Give again only the lines from the line that holds "Зинаида Николаевна Некрасова" to the end of the data, inclusive, omitting all pictures.

● **Data section**:
----------------

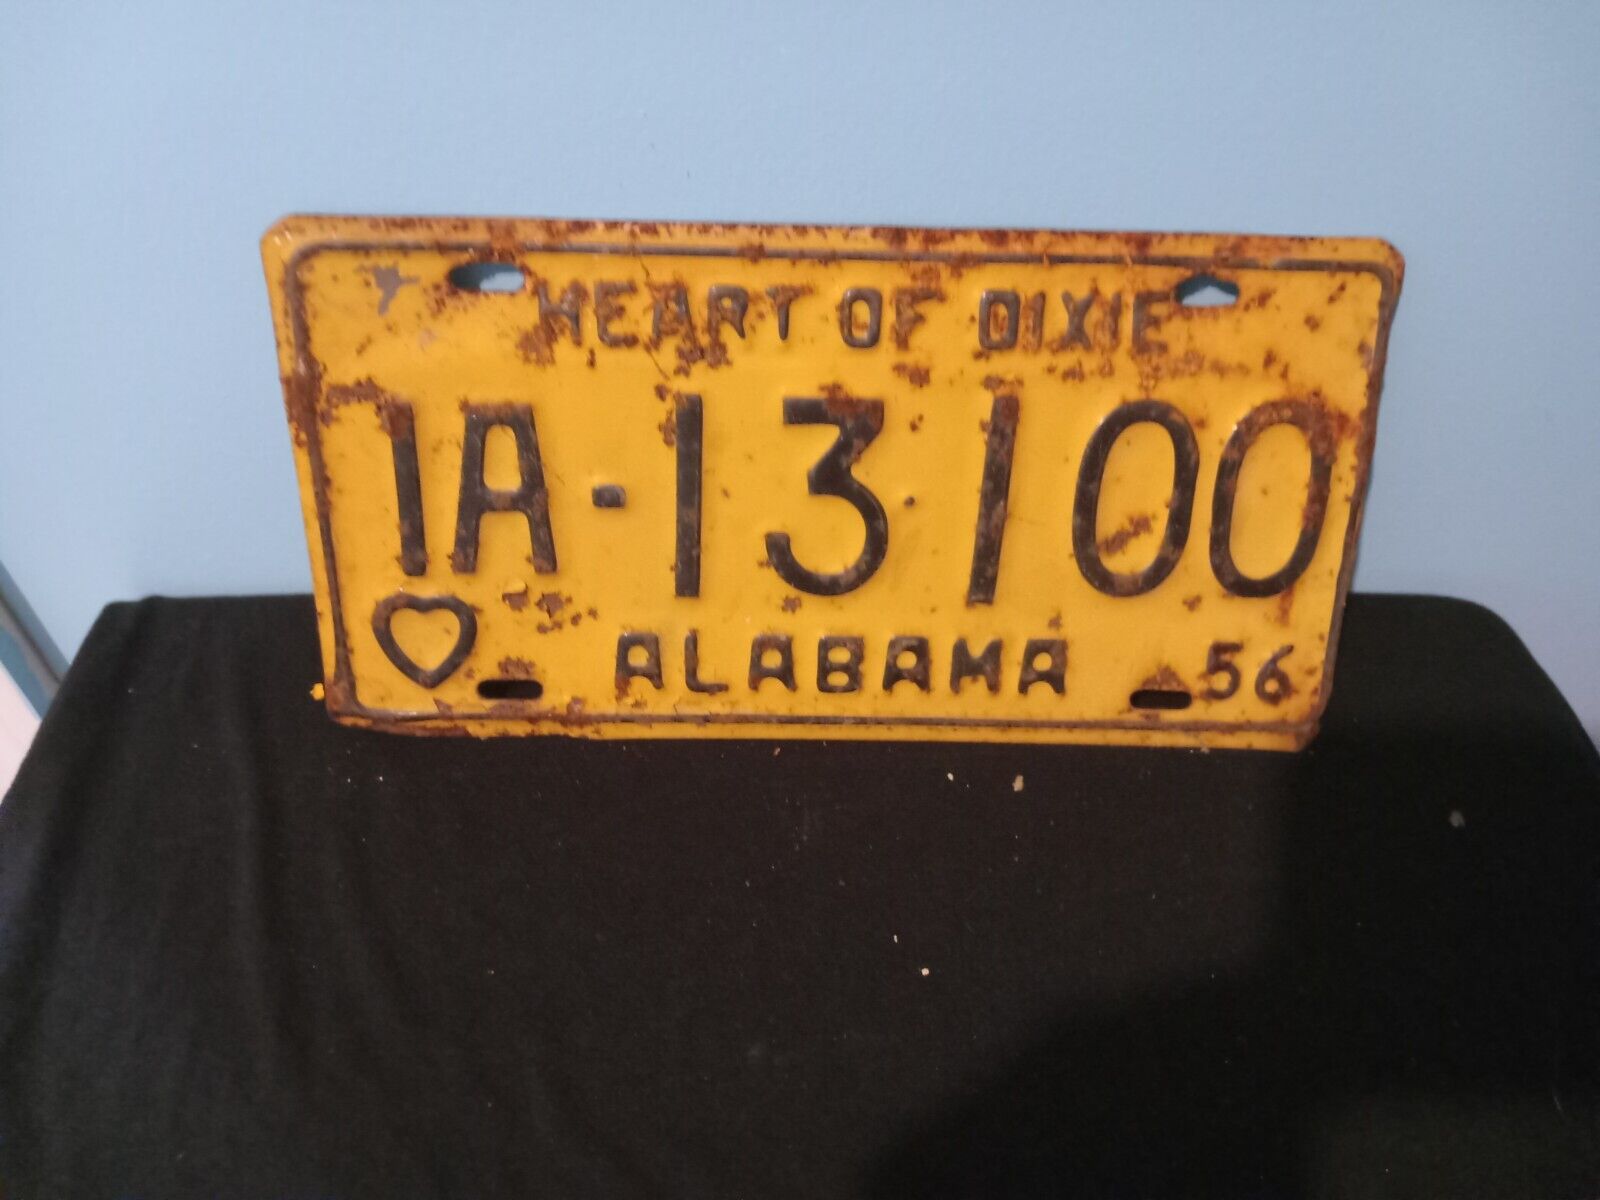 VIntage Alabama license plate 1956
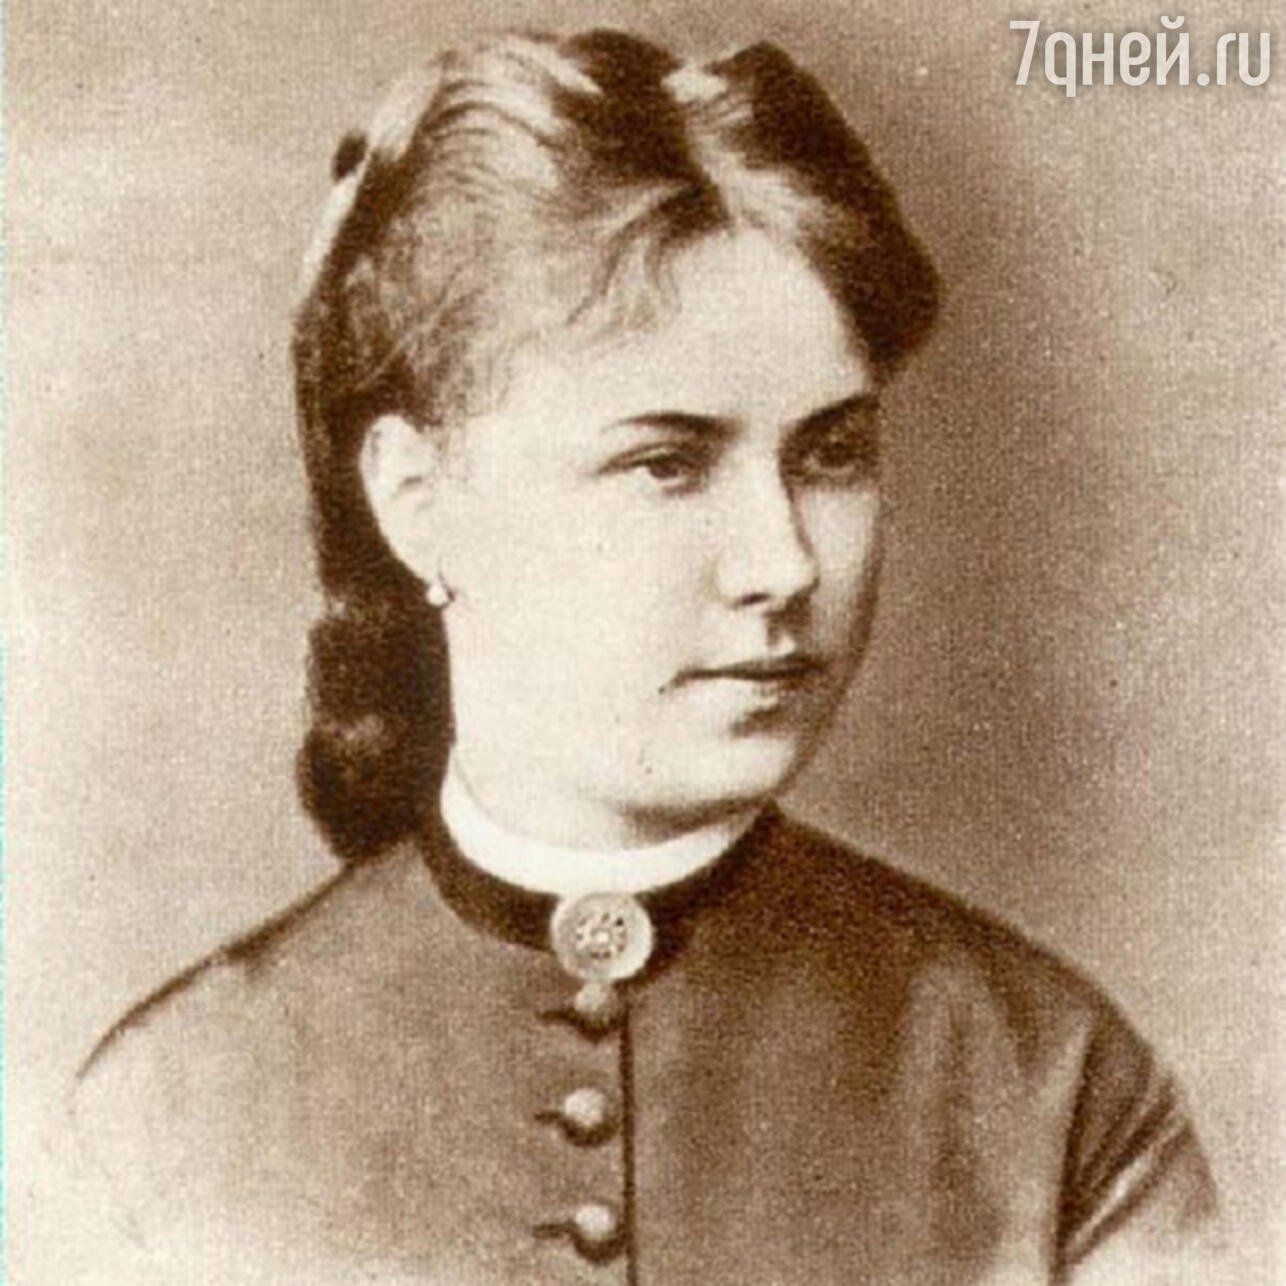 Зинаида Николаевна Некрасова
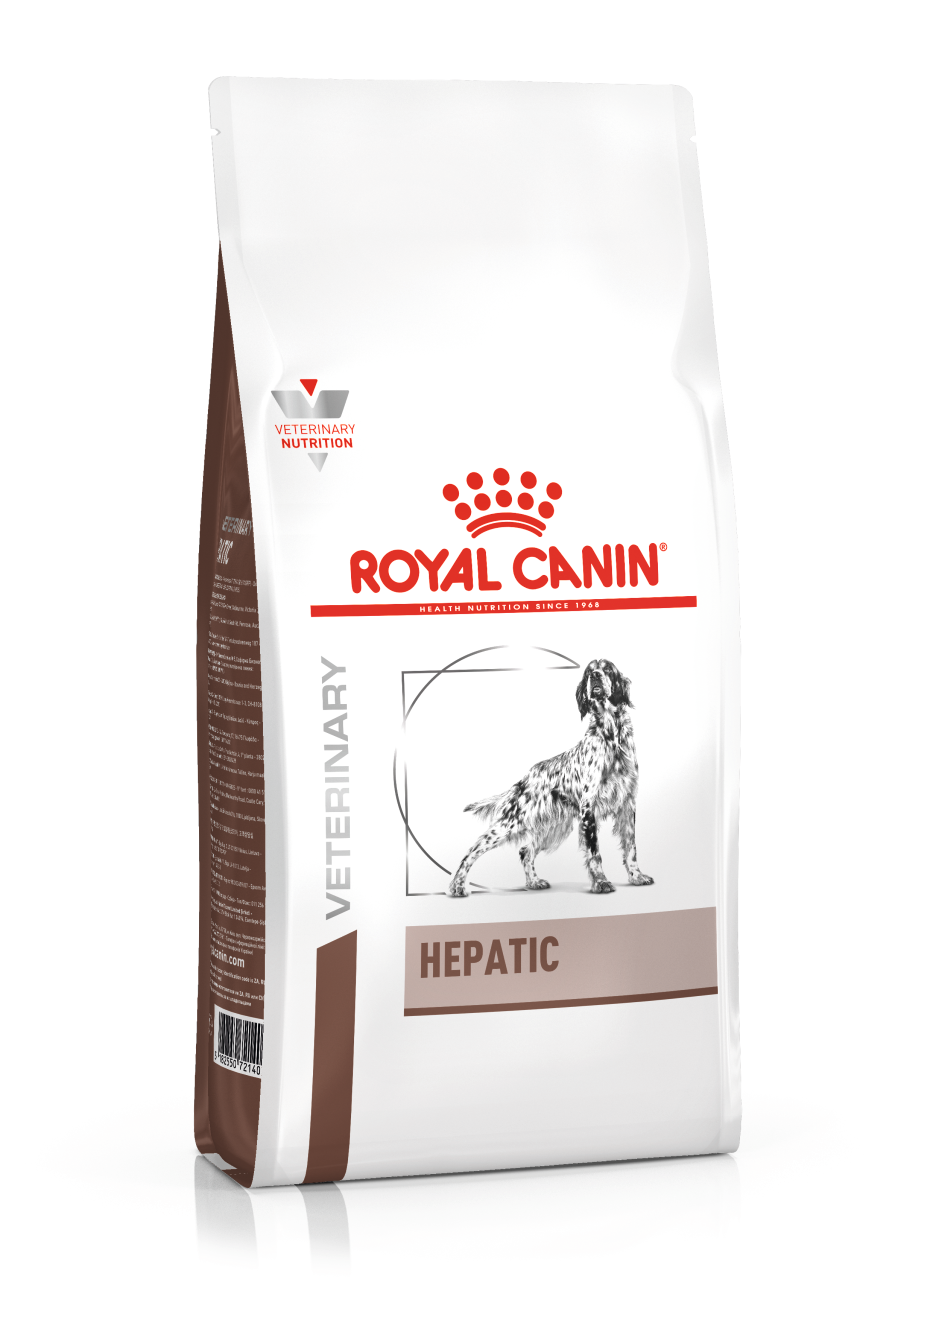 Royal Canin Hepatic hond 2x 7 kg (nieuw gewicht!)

----------------

● **Response area**:
 Зинаида Николаевна Некрасова
 Royal Canin Hepatic hond 2x 7 kg (nieuw gewicht!)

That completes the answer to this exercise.